Previously, this used a mix of standard MIME encoding for the reply body and UTF-8 for the headers. Now, the text format reply template RFC 2047-encodes the headers, making the output a valid RFC 2822 message. The JSON/sexp format is unchanged.

notmuch compact command

The new compact command exposes Xapian's compaction functionality through a more convenient interface than xapian-compact. notmuch compact will compact the database to a temporary location, optionally backup the original database, and move the compacted database into place.

Emacs Interface

notmuch-tree (formerly notmuch-pick) has been added to mainline

notmuch-tree is a threaded message view for the emacs interface. Each message is one line in the results and the thread structure is shown using UTF-8 box drawing characters (similar to Mutt's threaded view). It comes between search and show in terms of amount of output and can be useful for viewing both single threads and multiple threads.

Using notmuch-tree

The main key entries to notmuch tree are

Once in tree mode, keybindings are mostly in line with the rest of notmuch and are all viewable with '?' as usual.

Customising notmuch-tree

notmuch-tree has several customisation variables. The most significant is the first notmuch-tree-show-out which determines the behaviour when selecting a message (with RET) in tree view. By default tree view uses a split window showing the single message in the bottom pane.
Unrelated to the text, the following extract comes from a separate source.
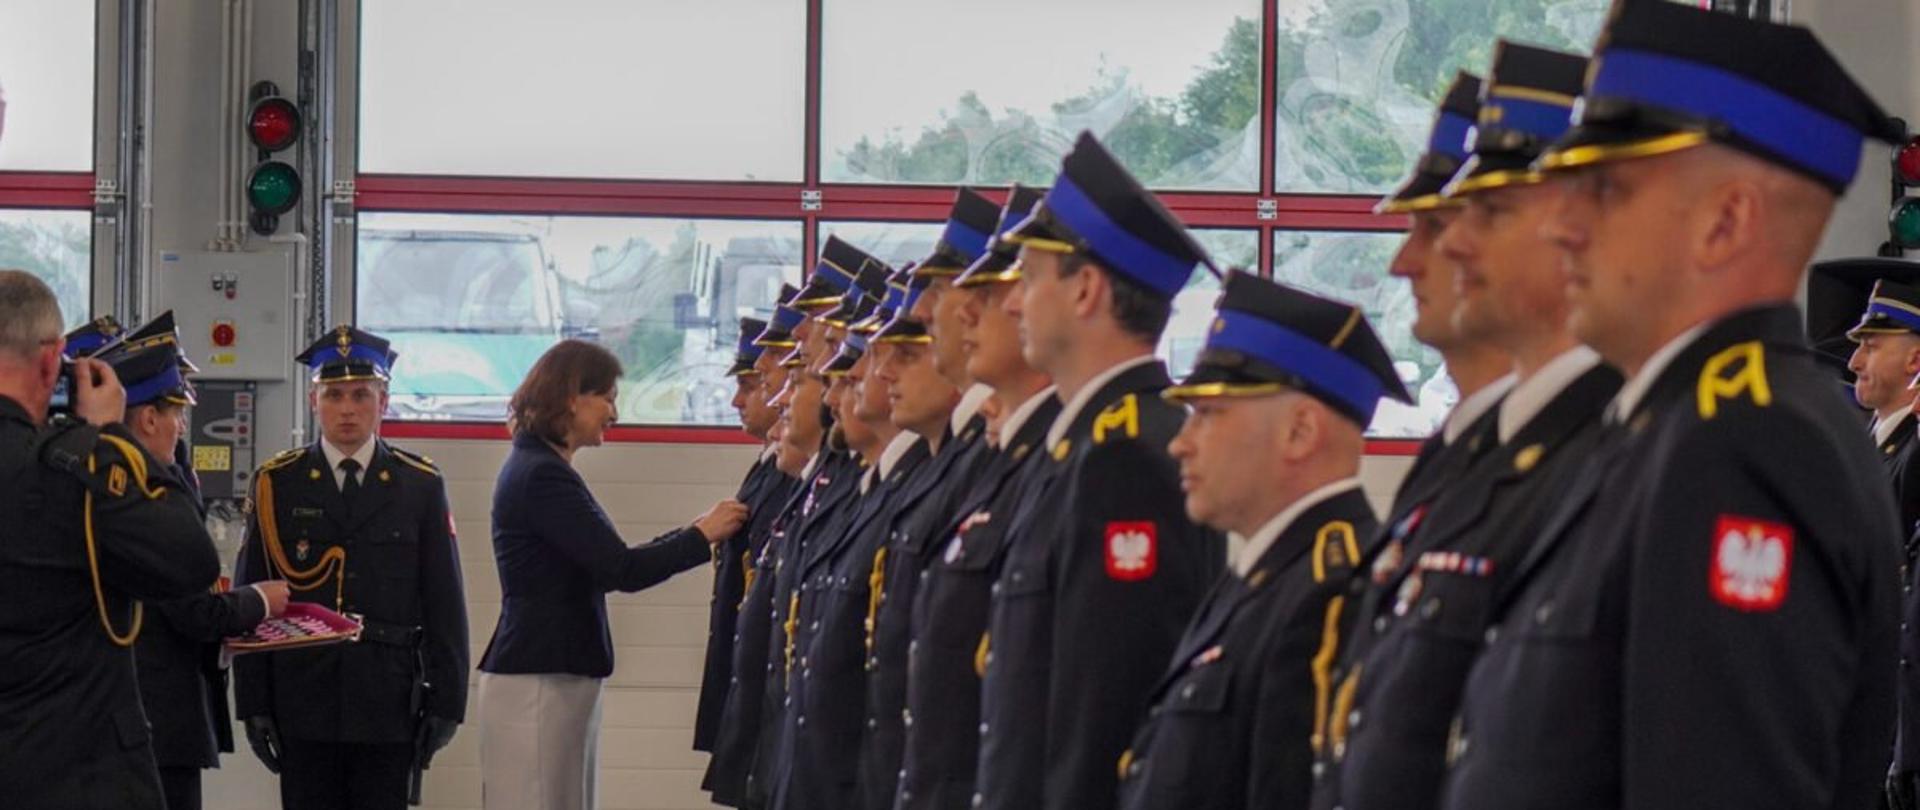 Wojewoda podkarpacki Ewa Leniart wręcza odznaczenia strażakom podczas Wojewódzkich Obchodów Dnia Strażaka w Rzeszowie

However, if this option is set then it views the whole thread in the complete window jumping to the selected message in the thread. In either case command-prefix selects the other option.

Tagging threads in search is now race-free

Previously, adding or removing a tag from a thread in a search buffer would affect messages that had arrived after the search was performed, resulting in, for example, archiving messages that were never seen. Tagging now affects only the messages that were in the thread when the search was performed.

notmuch-hello refreshes when switching to the buffer

The hello buffer now refreshes whenever you switch to the buffer, regardless of how you get there. You can disable automatic refreshing by customizing notmuch-hello-auto-refresh.

Specific mini-buffer prompts for tagging operations

When entering tags to add or remove, the mini-buffer prompt now indicates what operation will be performed (e.g., "Tag thread", "Tag message", etc).

Built-in help improvements

Documentation for many commands has been improved, as displayed by notmuch-help (usually bound to "?"). The bindings listed by notmuch-help also now include descriptions of prefixed commands.

Quote replies as they are displayed in show view

We now render the parts for reply quoting the same way they are rendered for show. At this time, the notable change is that replies to text/calendar are now pretty instead of raw vcalendar.

Fixed inconsistent use of configured search order

All ways of interactively invoking search now honor the value of notmuch-search-oldest-first.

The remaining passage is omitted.